* **TASK OBJECTIVE**:
Every line below must be copied as written, except for pictures.

* **DATASET EXCERPT**:
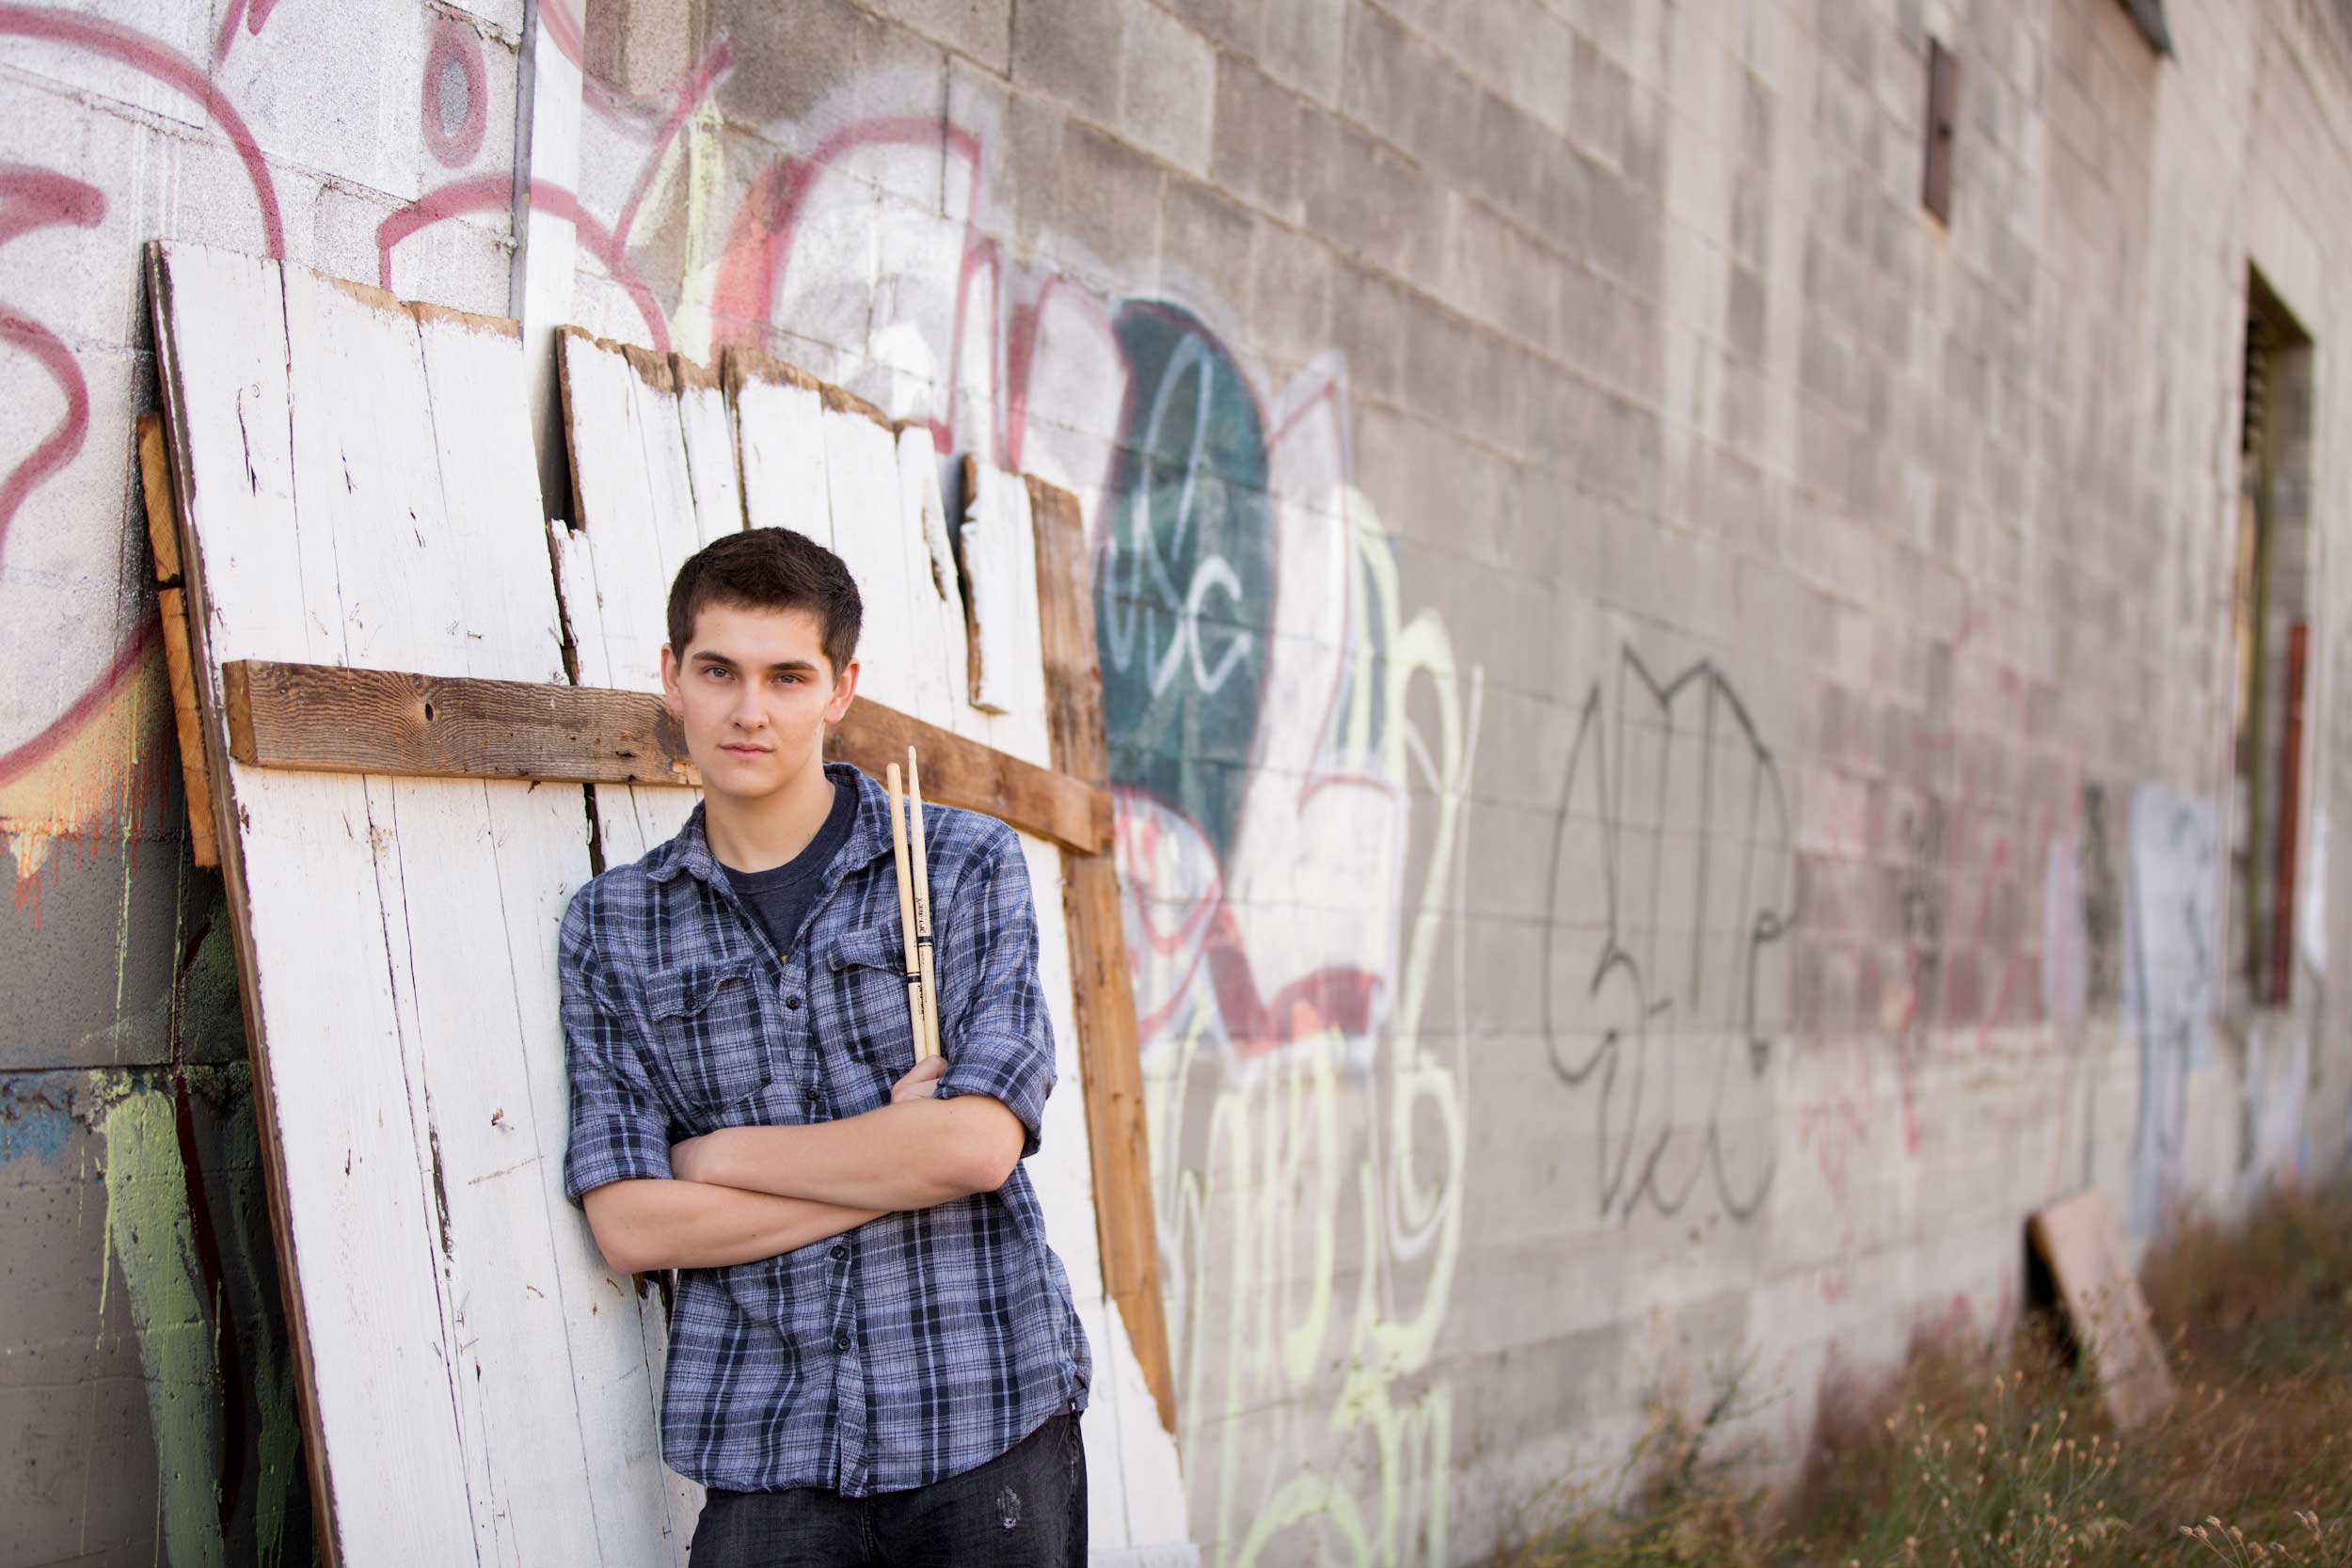 A Pallet, Graffiti and a high school senior with his sticks
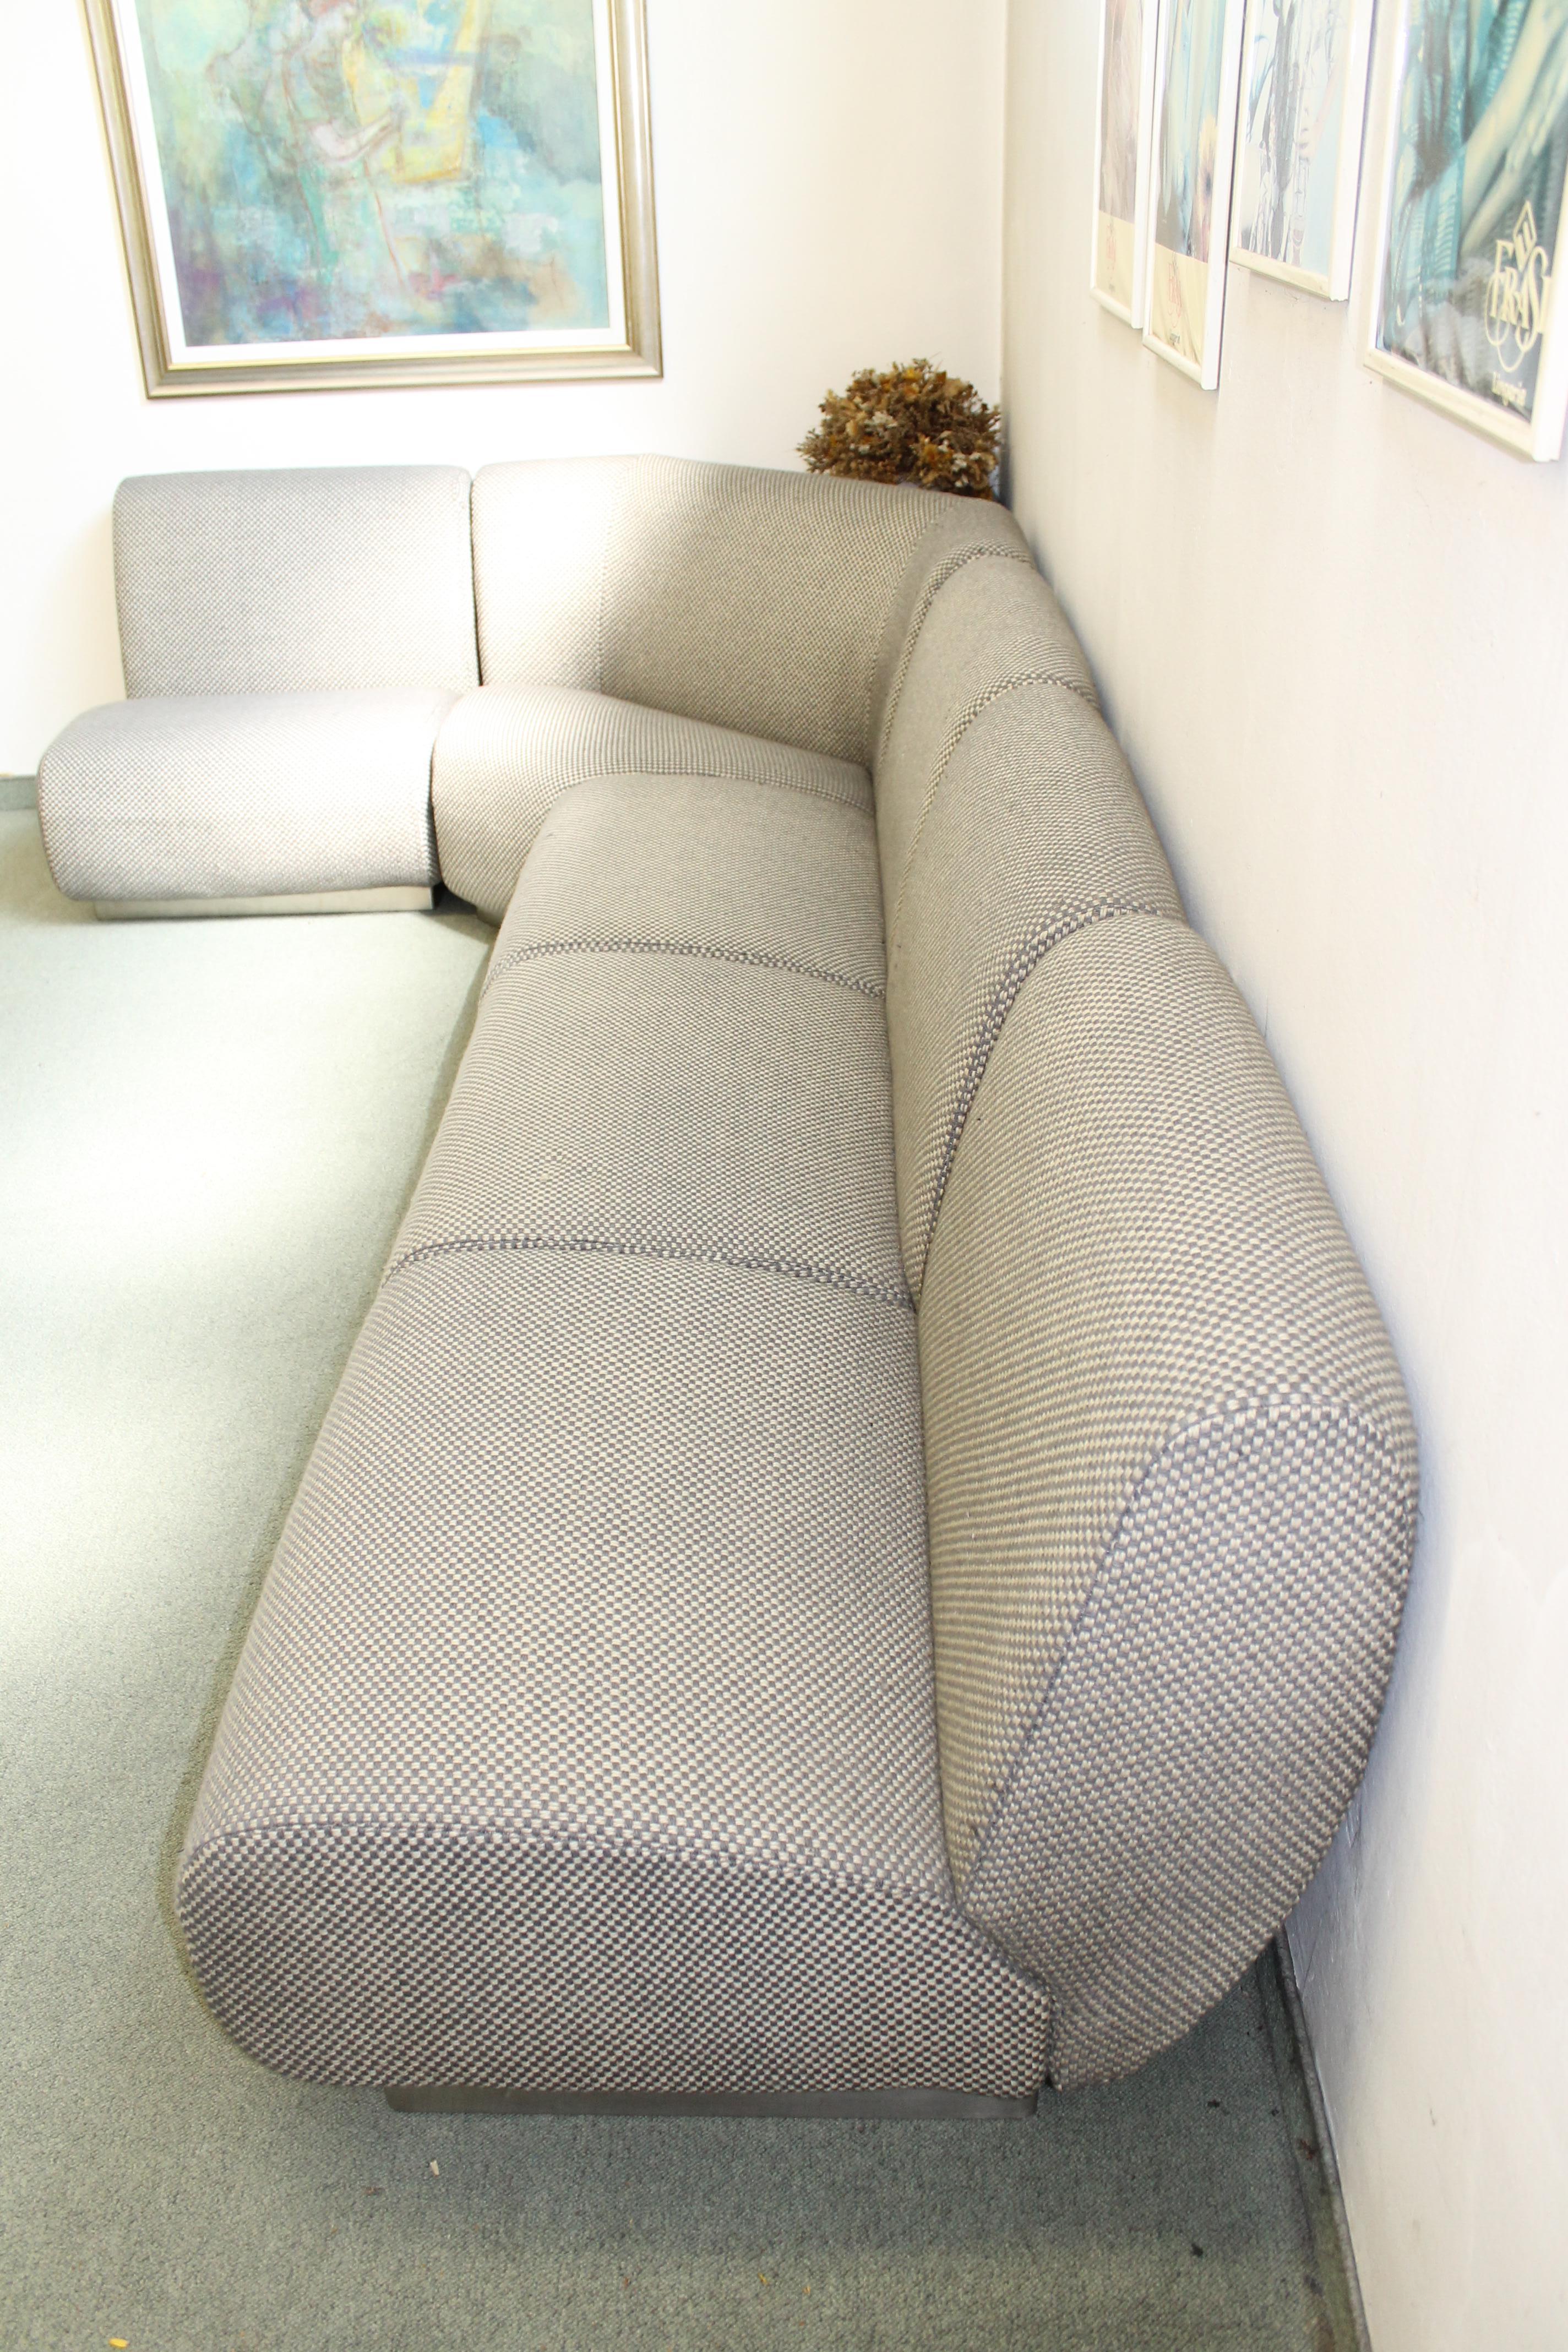 Sectional sofa designed by Gianni Moscatelli for Formanova, white-grey original wool fabric.

The three sectional seats can be used either left or right.

* **ANSWER SECTION**:
 A Pallet, Graffiti and a high school senior with his sticks
 Sectional sofa designed by Gianni Moscatelli for Formanova, white-grey original wool fabric.

The three sectional seats can be used either left or right.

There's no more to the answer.